Similarly, U.K. Foreign Minister David Lammy has urged Europe to act decisively, advocating for a shift from freezing to seizing Russian assets. Estonia and Poland have also been vocal supporters of the proposal, with Estonia recently presenting a draft paper outlining legal pathways to confiscate the funds.
However, key players like Germany and France remain cautious. Concerns about the legal and economic ramifications of asset seizure have made these nations hesitant to move forward. Despite this, recent reports suggest that both countries are now open to discussions on the matter, signaling a potential shift in their positions.

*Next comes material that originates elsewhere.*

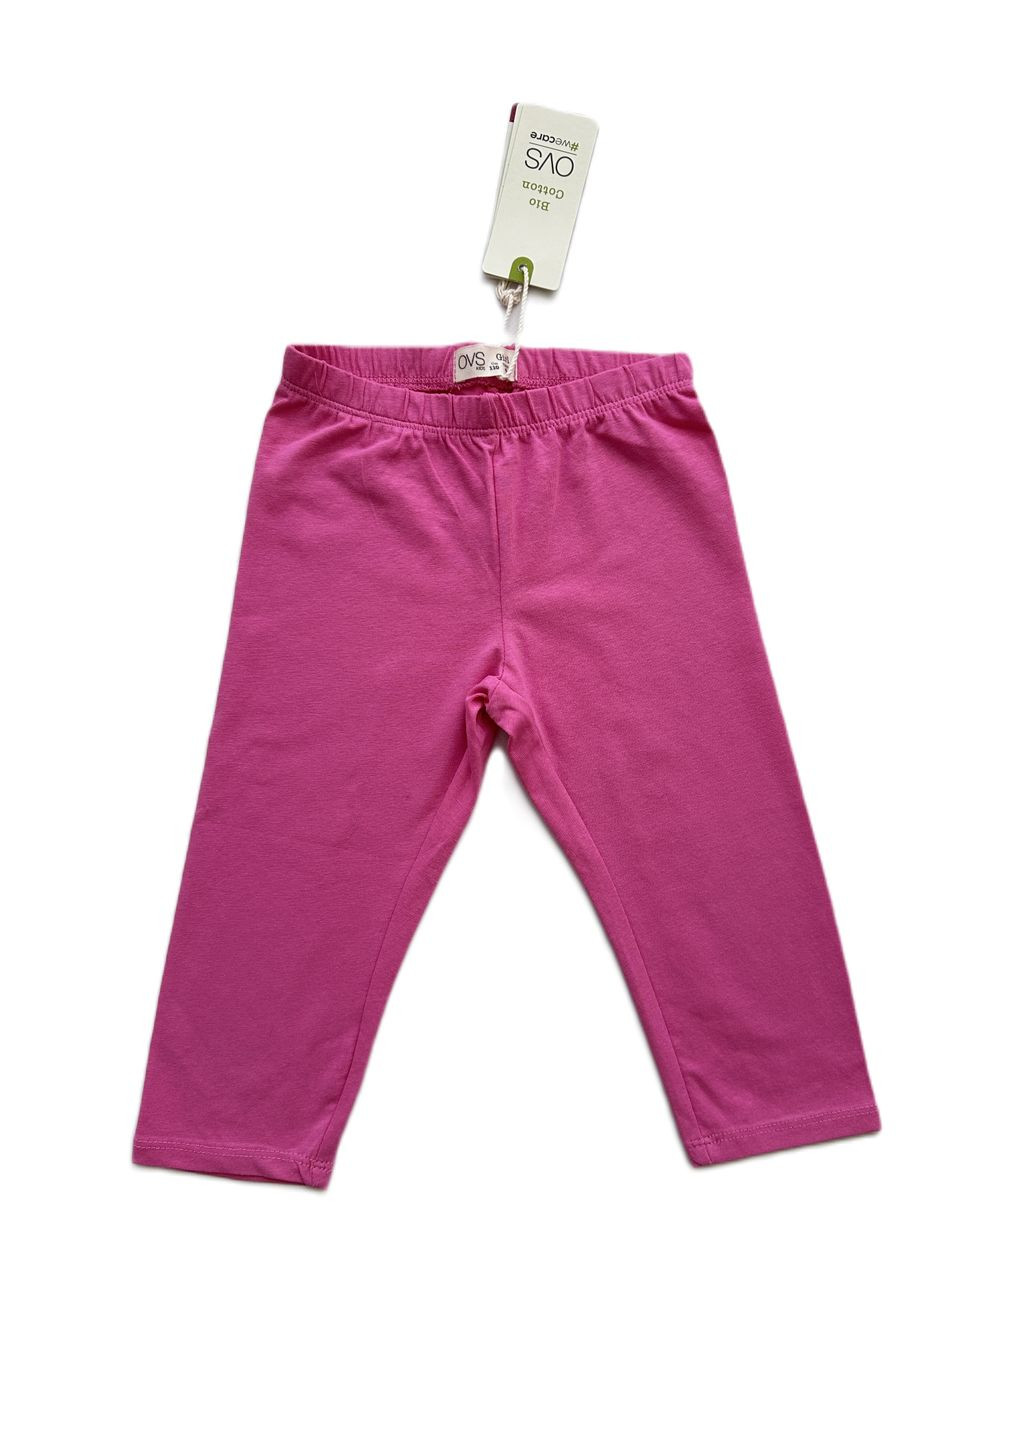 Розовый летний комплект костюм для девочки белая майка с олафом + велосипедки розовые 1000-3/2000-13 (110 см) OVS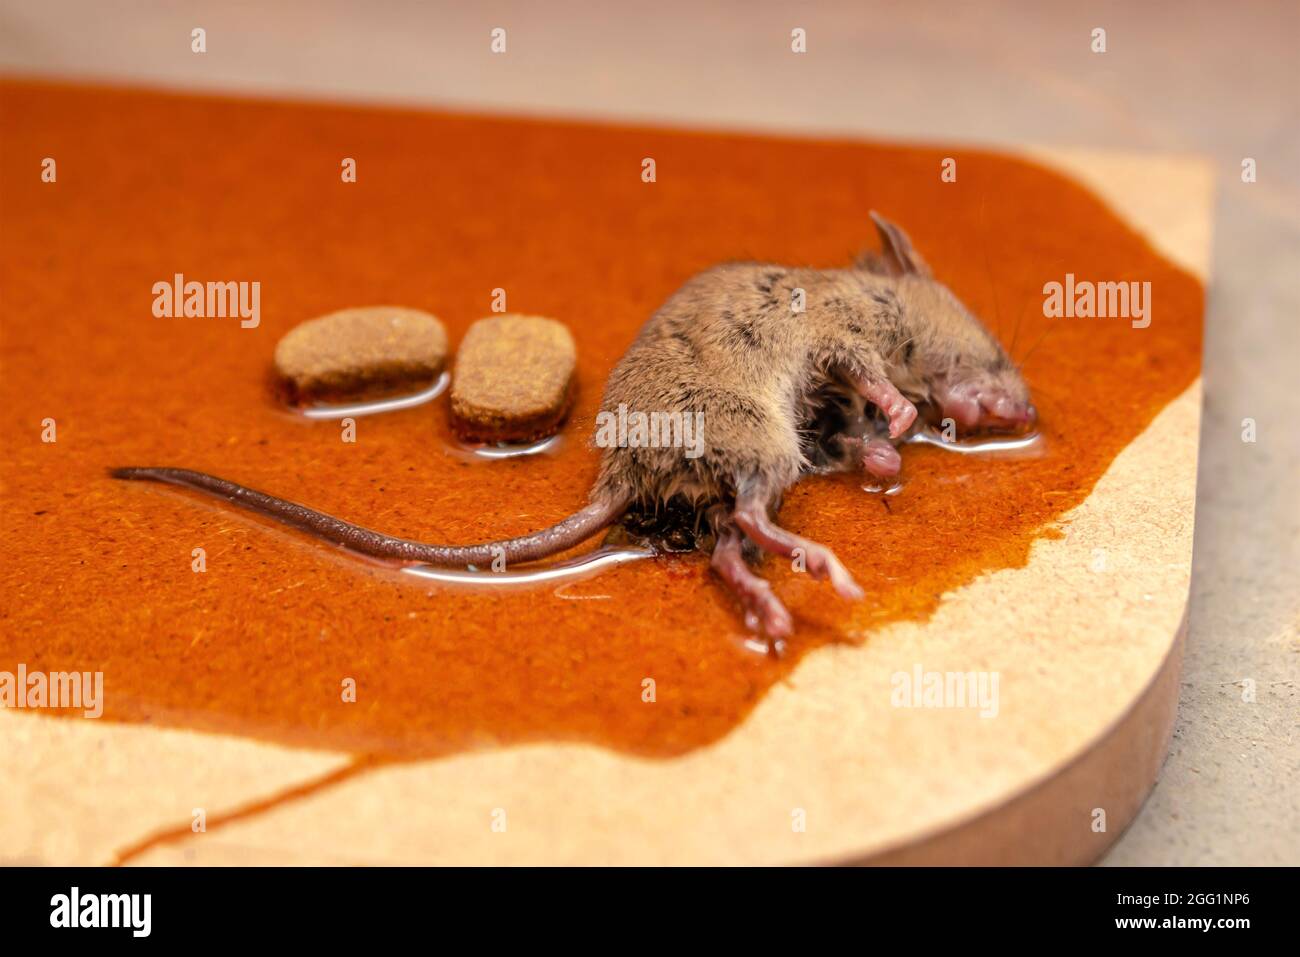 Piège à colle pour souris - Plaque de glu souris

Legal and Economic Hurdles
The legal complexities of seizing frozen assets present a significant challenge. Under international law, any countermeasures against Russia must be “temporary” and “reversible.” Armin Steinbach, a professor of EU law and economics at HEC Paris, explained that while morally compelling, the seizure of state assets is legally difficult. He suggested an alternative solution in which Ukraine transfers its damage claims against Russia to the G7, which could then enforce these claims by confiscating Russian assets.
Critics of asset seizure have also warned of potential economic repercussions, particularly for the eurozone. However, proponents argue that the initial freezing of Russian assets did not destabilize European financial markets, and a formal seizure is unlikely to have further adverse effects. Nigel Gould-Davies, a senior fellow at the International Institute for Strategic Studies (IISS), emphasized that extensive legal studies have identified a “safe legal path” to seizing assets and dismissed fears of economic fallout as overblown.
What’s Next?
As Europe continues to deliberate on the issue, the outcome will depend on whether the EU can achieve consensus among its 27 member states. One option is for the EU to unanimously agree to mandate Belgium, where the majority of the assets are held, to confiscate them. Alternatively, Belgium could act independently if EU sanctions on Russia expire without renewal. However, Belgium has expressed concerns about the potential risks of such unilateral action.
With the war showing no signs of resolution and negotiations between the U.S. and Russia raising the possibility of frozen assets being returned to Moscow, time is of the essence for Europe. Ukrainian officials and their European allies argue that seizing these assets is not only a matter of justice but also a practical necessity to sustain Ukraine’s defense and rebuild the country.
The Stakes Are High
The decision to seize Russian assets would mark an unprecedented move in international law and diplomacy. It could provide Ukraine with much-needed financial support while sending a powerful message to aggressor states. However, it also carries significant risks, including potential retaliation from Russia and legal challenges that could set complex precedents for future conflicts.
As European leaders weigh their options, one thing is clear: the costs of inaction are rising, and the need for bold decisions has never been more urgent.